YOUR GOAL
Transcribe all of the data exactly. Images stay out.

SOURCE DATA
════════════════
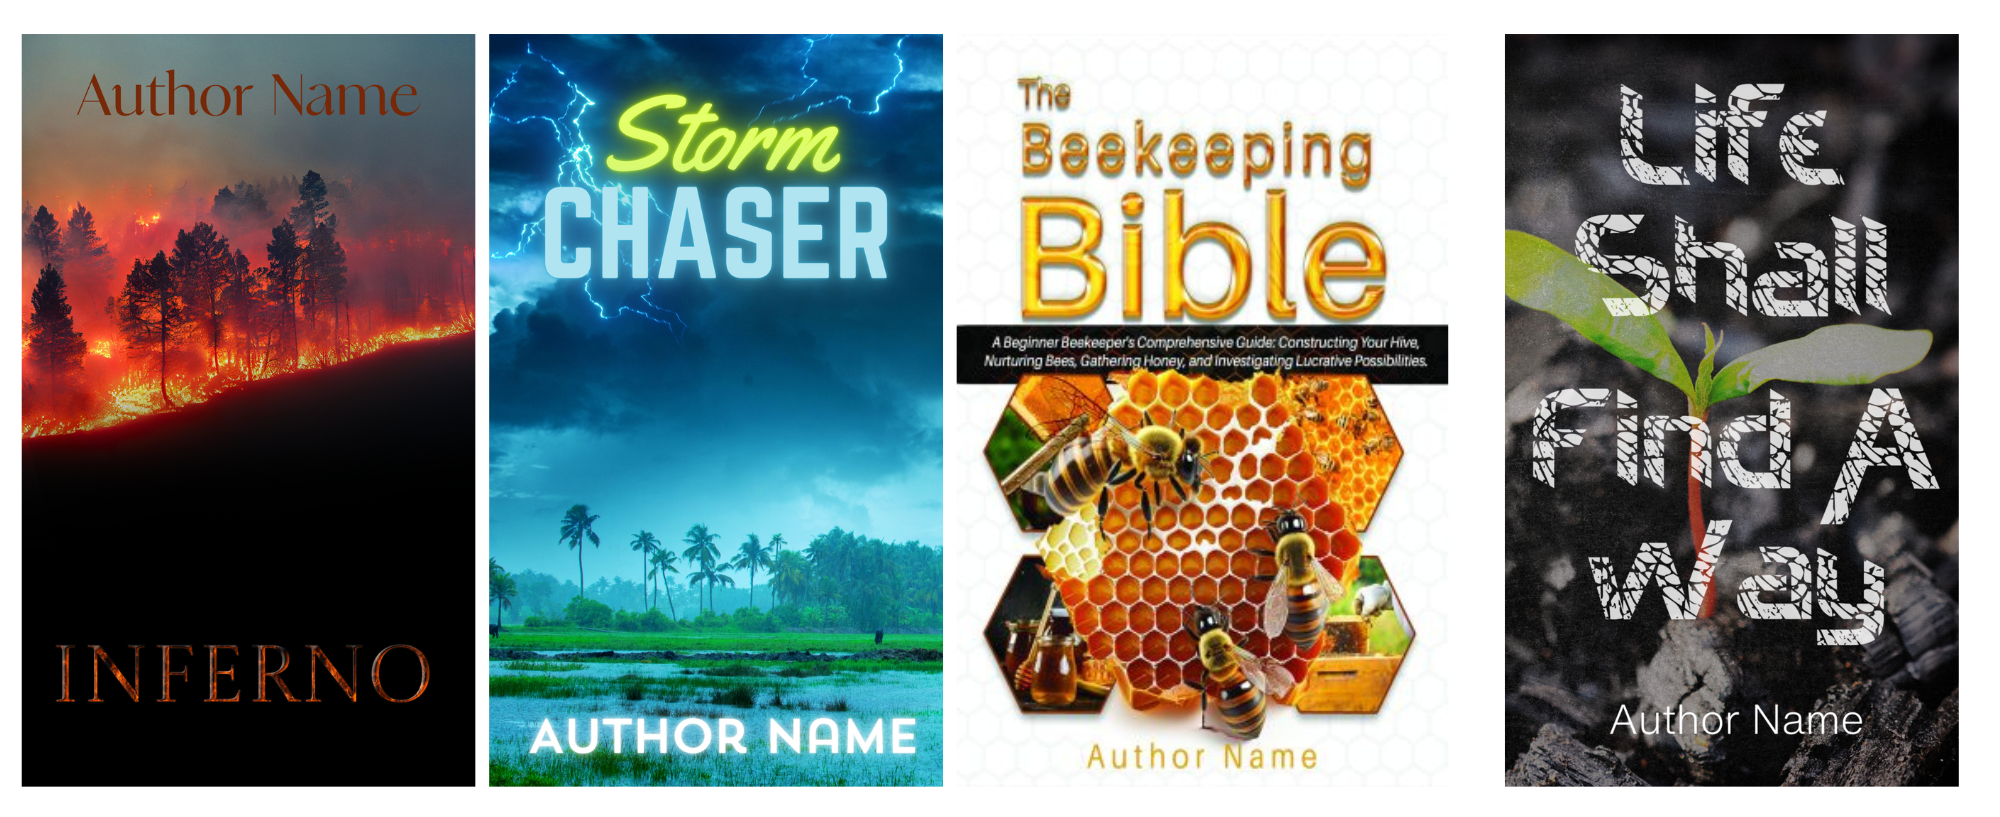 A series of four book covers. From left: "Inferno" features a forest fire, "Storm Chaser" depicts a stormy sky over fields, "The Beekeeping Bible" shows a honeycomb and bees, and "Life Shall Find A Way" displays a plant sprout growing in soil. Each cover includes an author's name. BookSelf Book Cover Design & Premade Book Covers
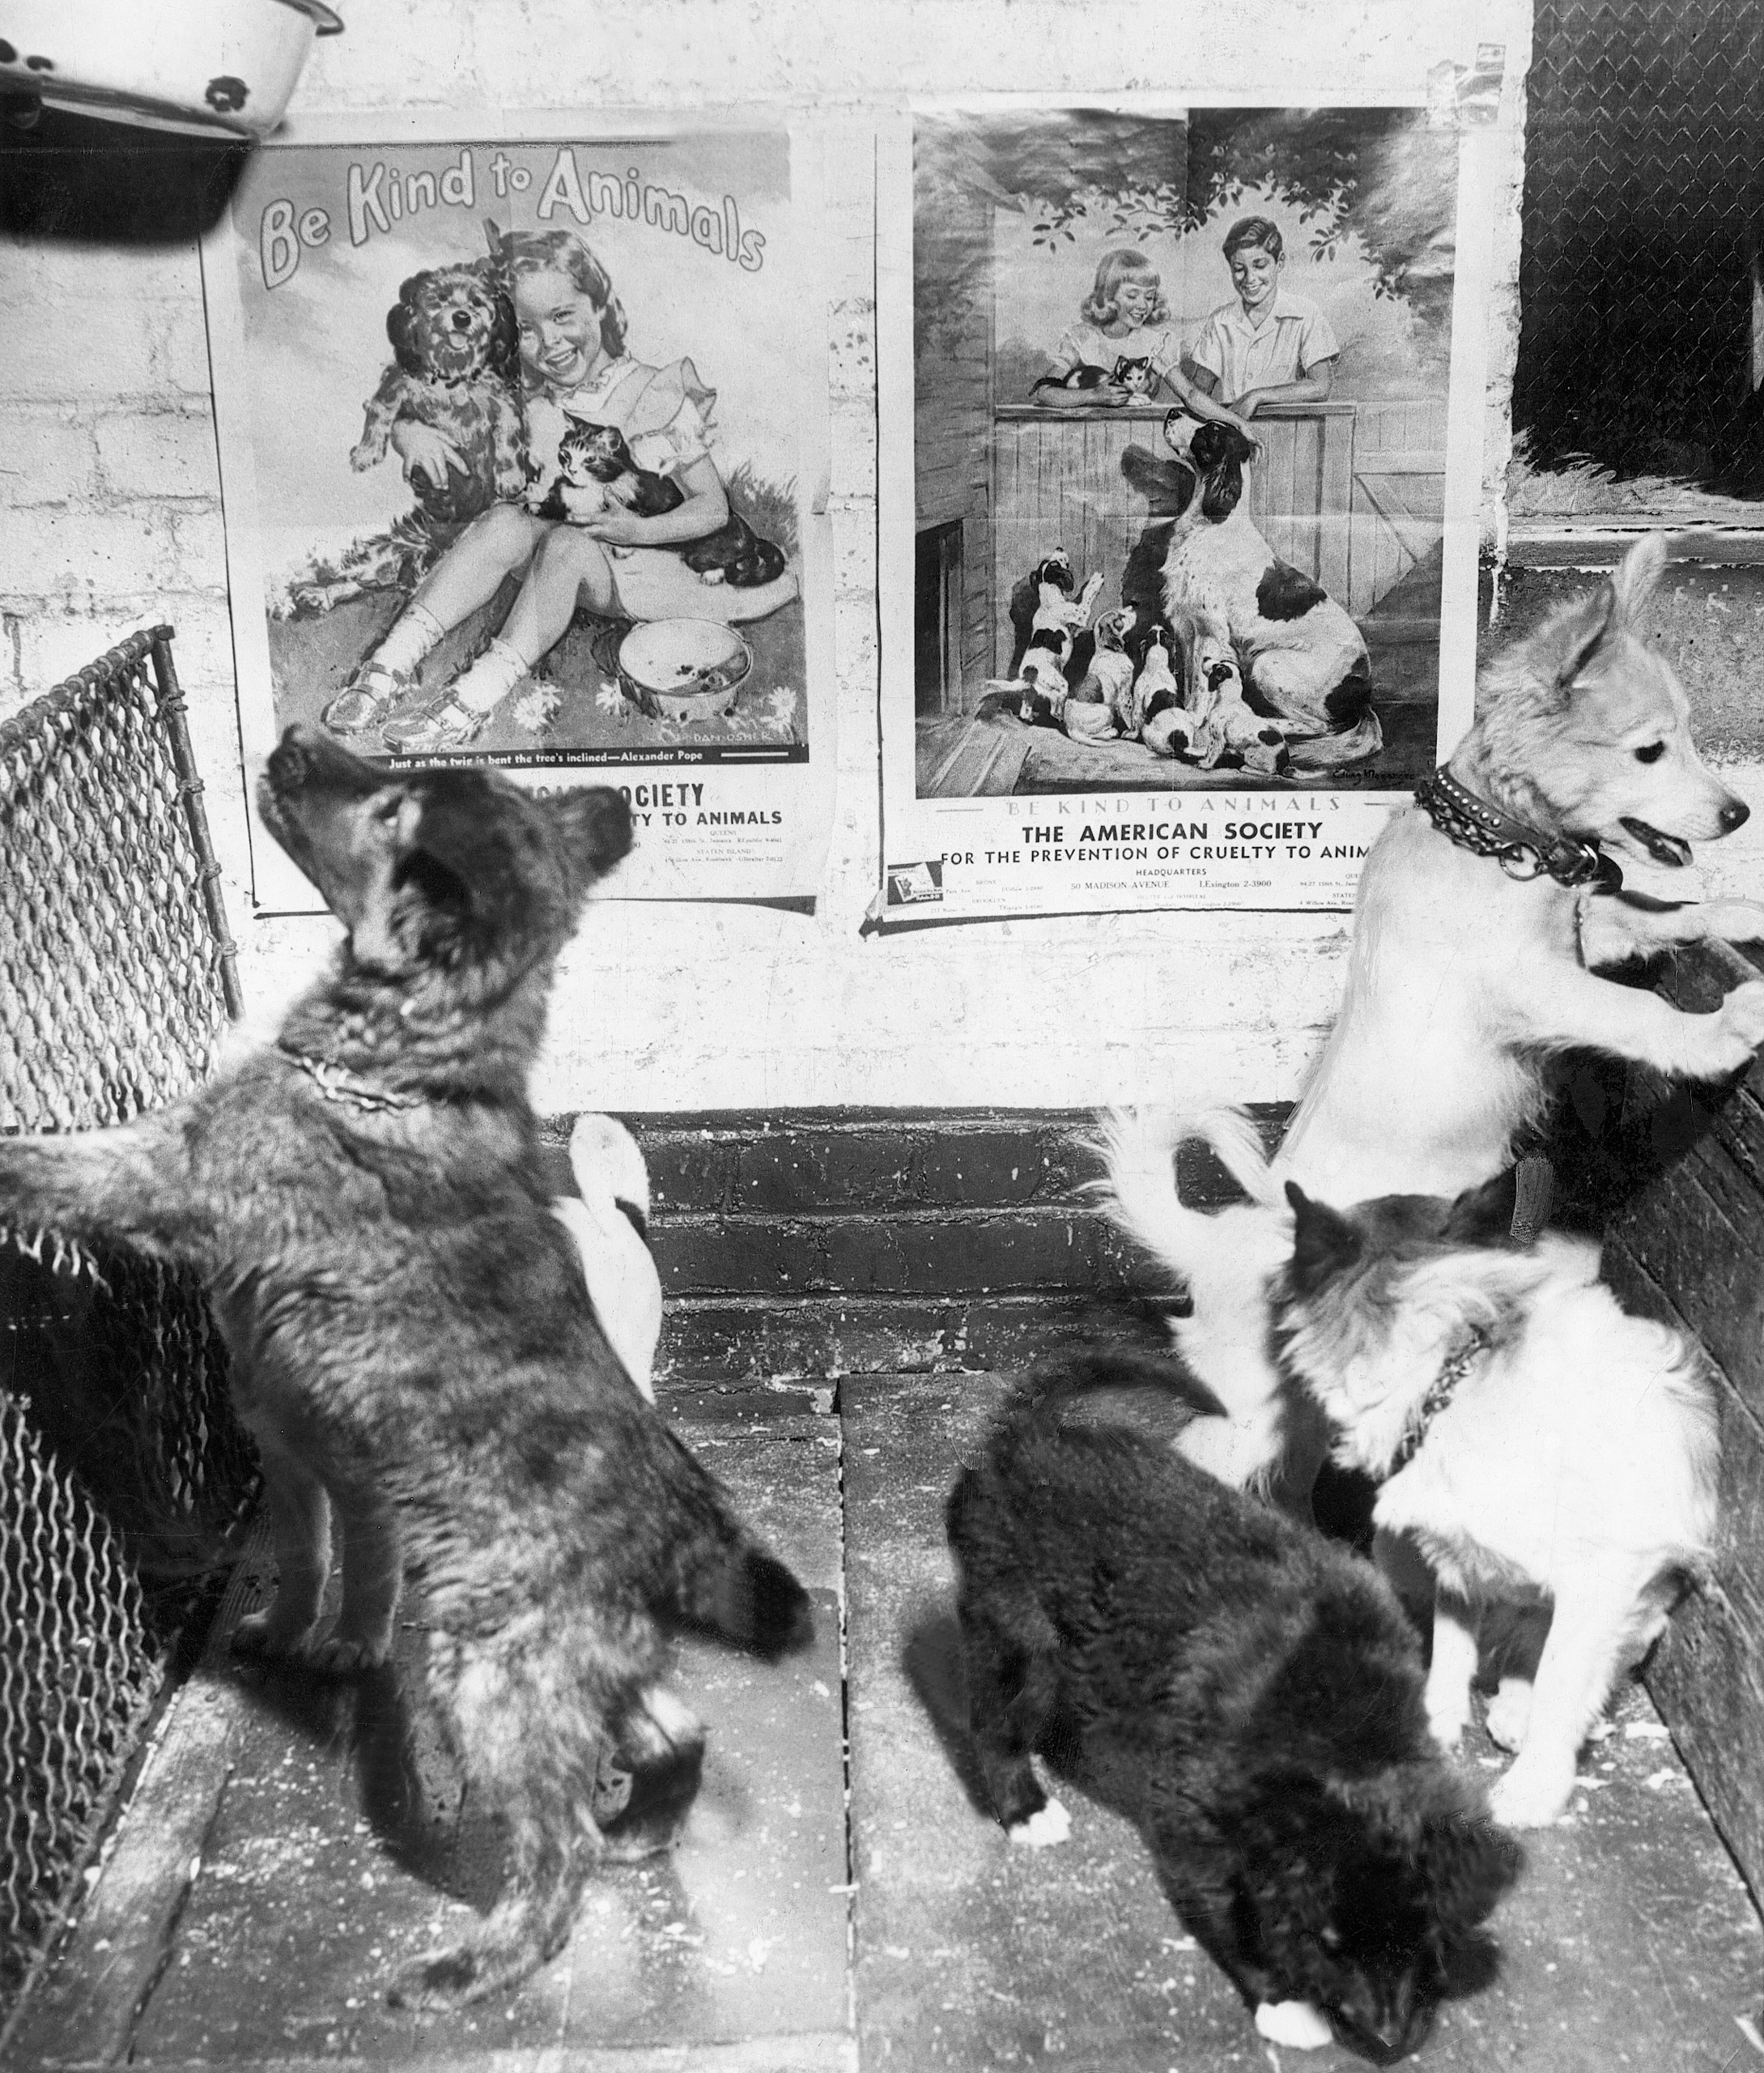 Puppies for adoption at ASPCA Animal Shelter in NYC with humane-themed posters, 1950s.
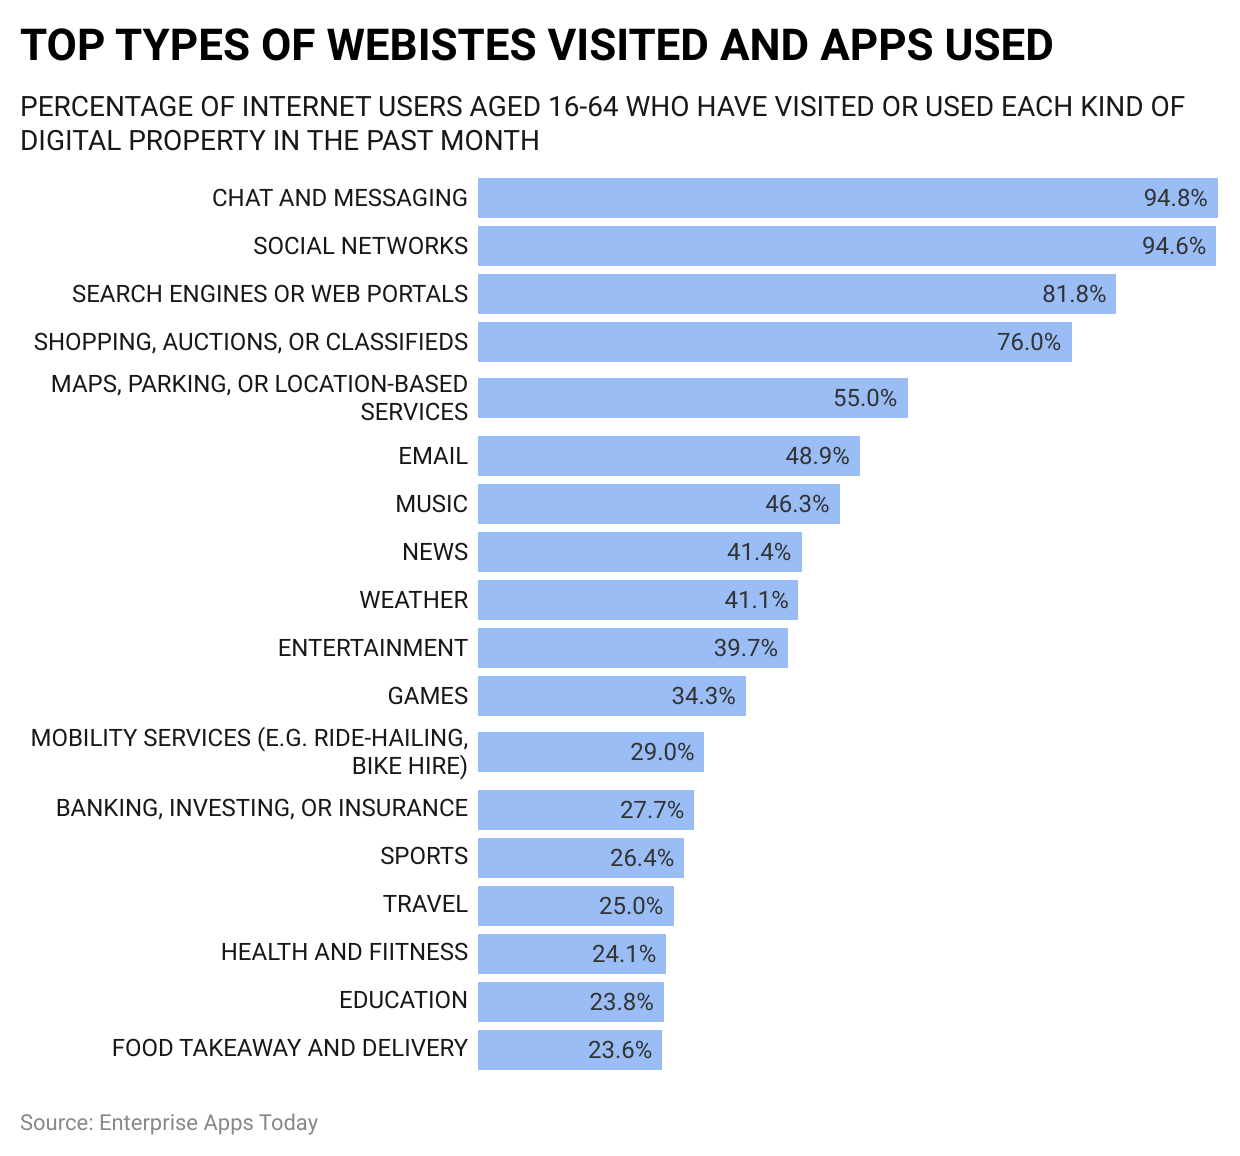 Digital Footprint Statistics by types of websites and apps used
════════════════
COMPLETED EXERCISE
 A series of four book covers. From left: "Inferno" features a forest fire, "Storm Chaser" depicts a stormy sky over fields, "The Beekeeping Bible" shows a honeycomb and bees, and "Life Shall Find A Way" displays a plant sprout growing in soil. Each cover includes an author's name. BookSelf Book Cover Design & Premade Book Covers
 Puppies for adoption at ASPCA Animal Shelter in NYC with humane-themed posters, 1950s.
 Digital Footprint Statistics by types of websites and apps used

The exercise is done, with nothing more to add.